# Buying Appliances



## NCas (Sep 9, 2013)

I'm looking into purchasing a refrigerator and for some reason Mexico seems to want to get into the Memorial Sales bandwagon. The retailers don't seem to care what the other is offering so prices, delivery cost, availability, ect vary by retailer. I was hoping you could recommend a retailer where you had a good experience buying an appliance from.

I've had way too many bad experiences buying appliances so I would really like to keep it from happening this go around. I'm looking in spending no more than $8000 pesos for a new fridge. I would like a Whirlpool, but LG and Samsung are ok if it's a good deal. Thanks.


----------



## Puertodise (Jul 9, 2013)

NCas said:


> I'm looking into purchasing a refrigerator and for some reason Mexico seems to want to get into the Memorial Sales bandwagon. The retailers don't seem to care what the other is offering so prices, delivery cost, availability, ect vary by retailer. I was hoping you could recommend a retailer where you had a good experience buying an appliance from.
> 
> I've had way too many bad experiences buying appliances so I would really like to keep it from happening this go around. I'm looking in spending no more than $8000 pesos for a new fridge. I would like a Whirlpool, but LG and Samsung are ok if it's a good deal. Thanks.


Hello NCas,
I have purchased all my appliances from Liverpool and would absolutely recommend them.
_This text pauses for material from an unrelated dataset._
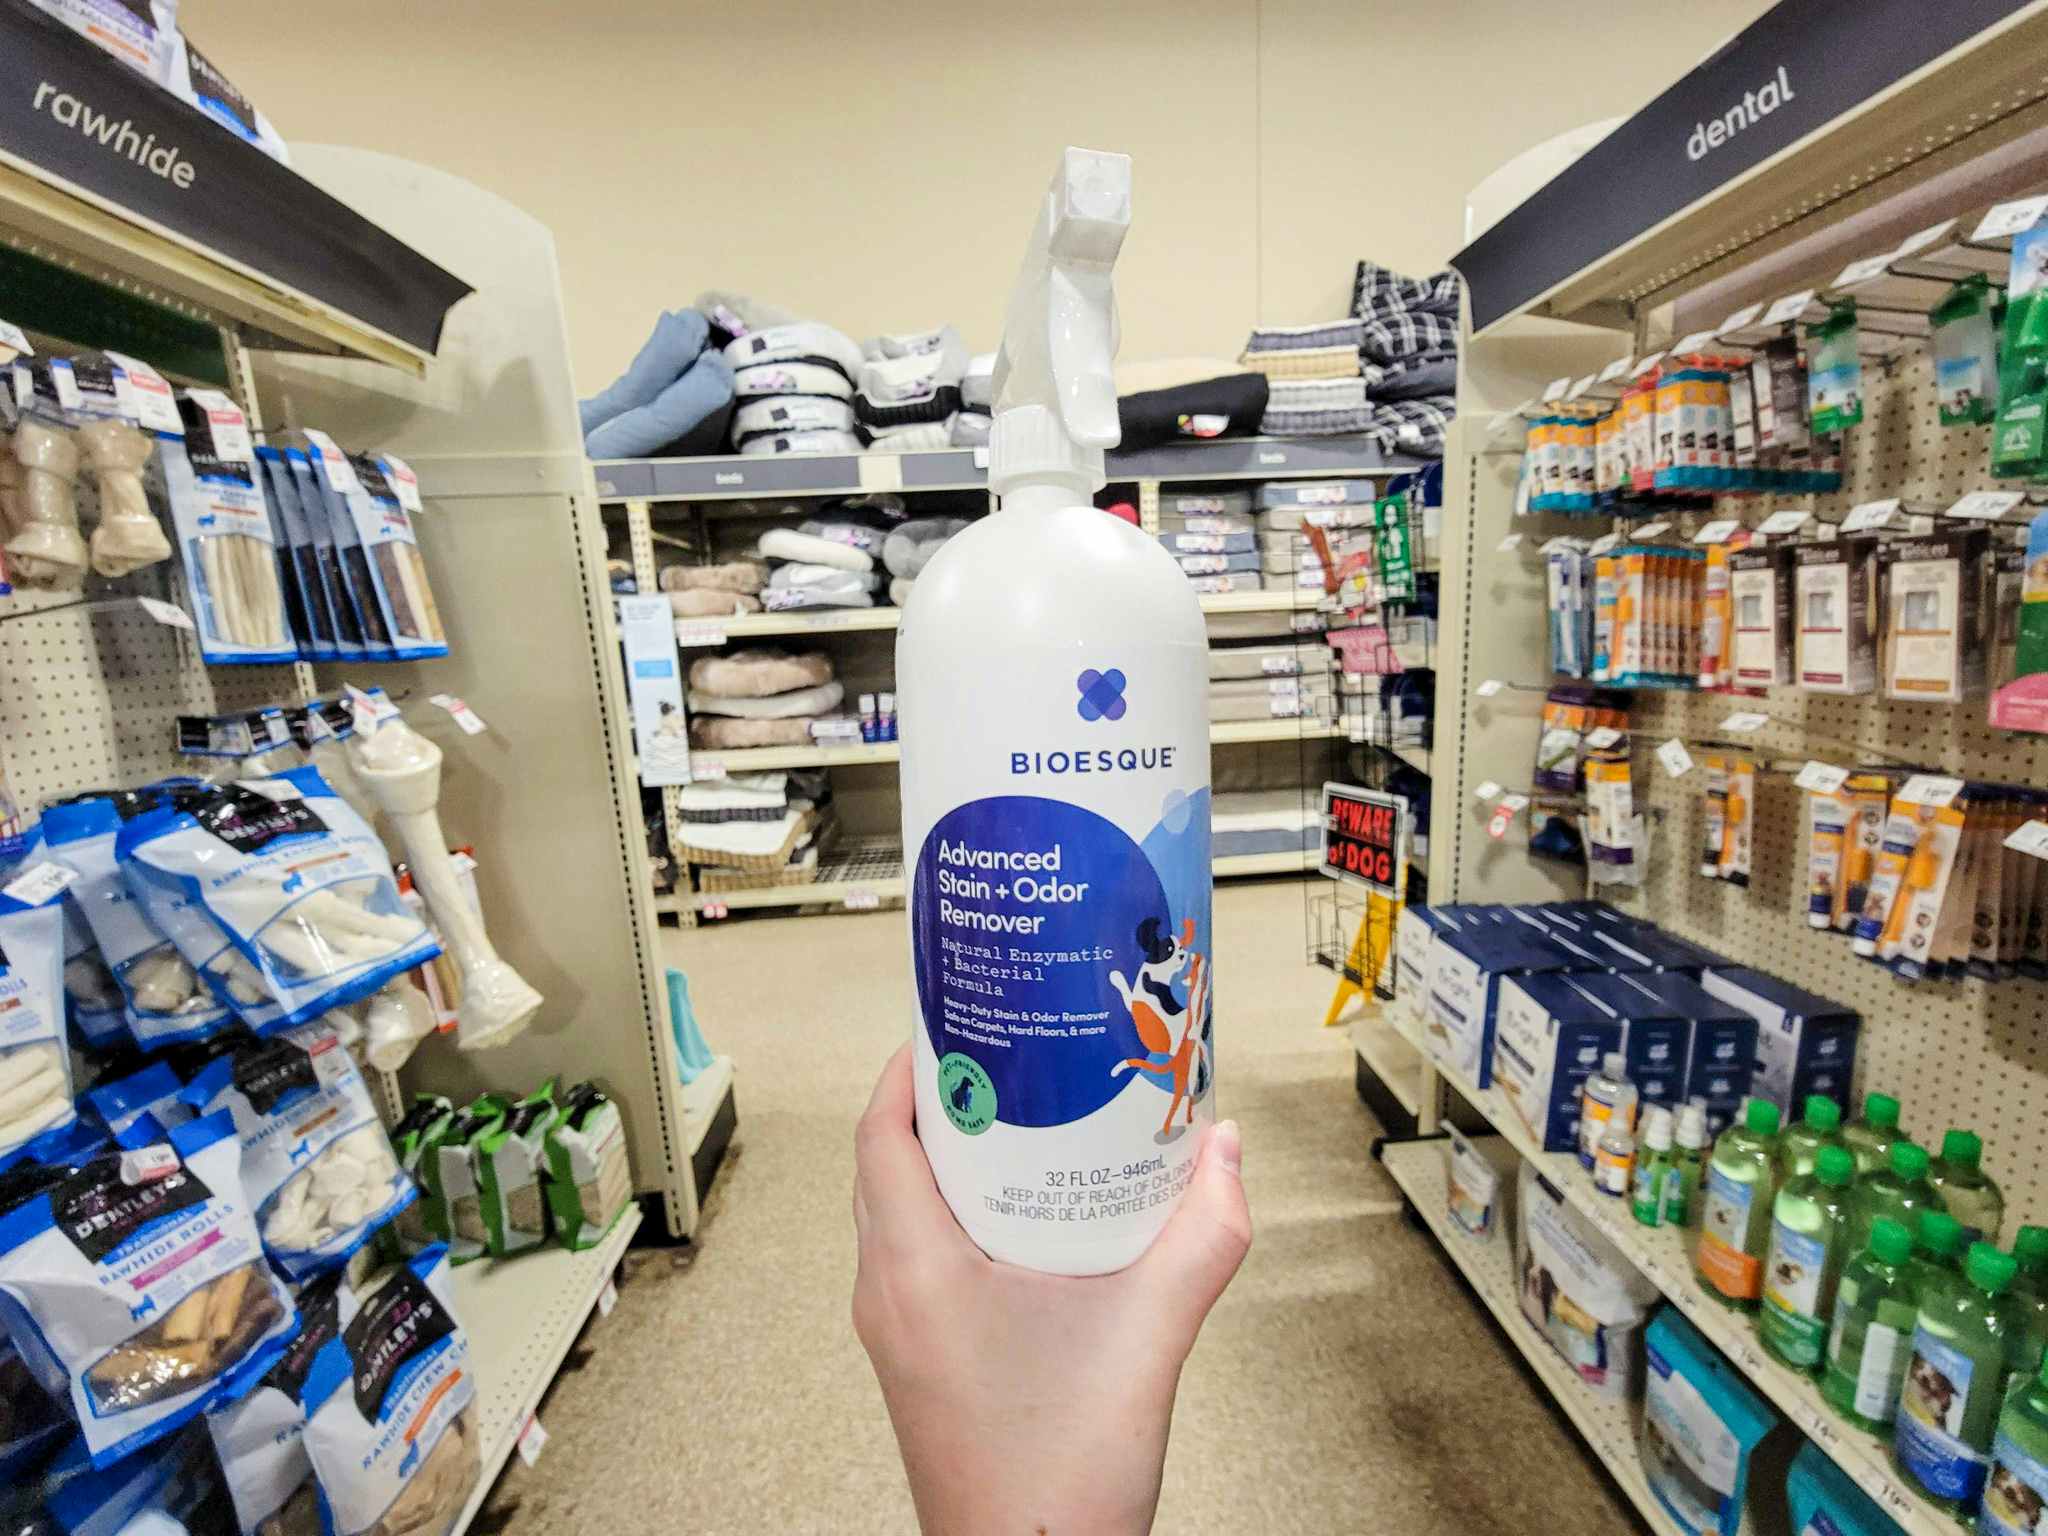 hand holding a bottle of bioesque advanced stain & odor remover in an aisle

They are always having sales, so you should be able to purchase something within your price range. They also deliver and install. 

The appliances I have from them are:
A)Maytag Refrigerator (double doors at top with freezer at bottom)
B)Washer/dryer combination by LG (it's one unit that does both)
C)Microwave by Daewoo
D)4- Burner Electric stove-top by Koblenz (Fulgor)

All the appliances are energy-efficient.

Hope this helps.


----------



## [email protected] (Nov 12, 2017)

Puertodise said:


> Hello NCas,
> I have purchased all my appliances from Liverpool and would absolutely recommend them. They are always having sales, so you should be able to purchase something within your price range. They also deliver and install.
> 
> The appliances I have from them are:
> ...


 How are you liking your Maytag ( freezing at bottom is my preference, tambien )? Why I ask, only saw one (freezer at bottom ) in San Cristobal de Las Casas enero pasada. Also, is Liverpool operating throughout Mexico. I don't recall ever seeing that name. Muchas gracias . . .


----------



## Puertodise (Jul 9, 2013)

[email protected] said:


> How are you liking your Maytag ( freezing at bottom is my preference, tambien )? Why I ask, only saw one (freezer at bottom ) in San Cristobal de Las Casas enero pasada. Also, is Liverpool operating throughout Mexico. I don't recall ever seeing that name. Muchas gracias . . .



I believe there is a Liverpool not too far from you, but I would recommend checking Liverpool's website for updated store locations. See attached image from their website.
https://www.dropbox.com/s/q9iphb9wootga3t/Liverpool map.jpg?dl=0

I really like having the freezer at the bottom and have inserted three photos..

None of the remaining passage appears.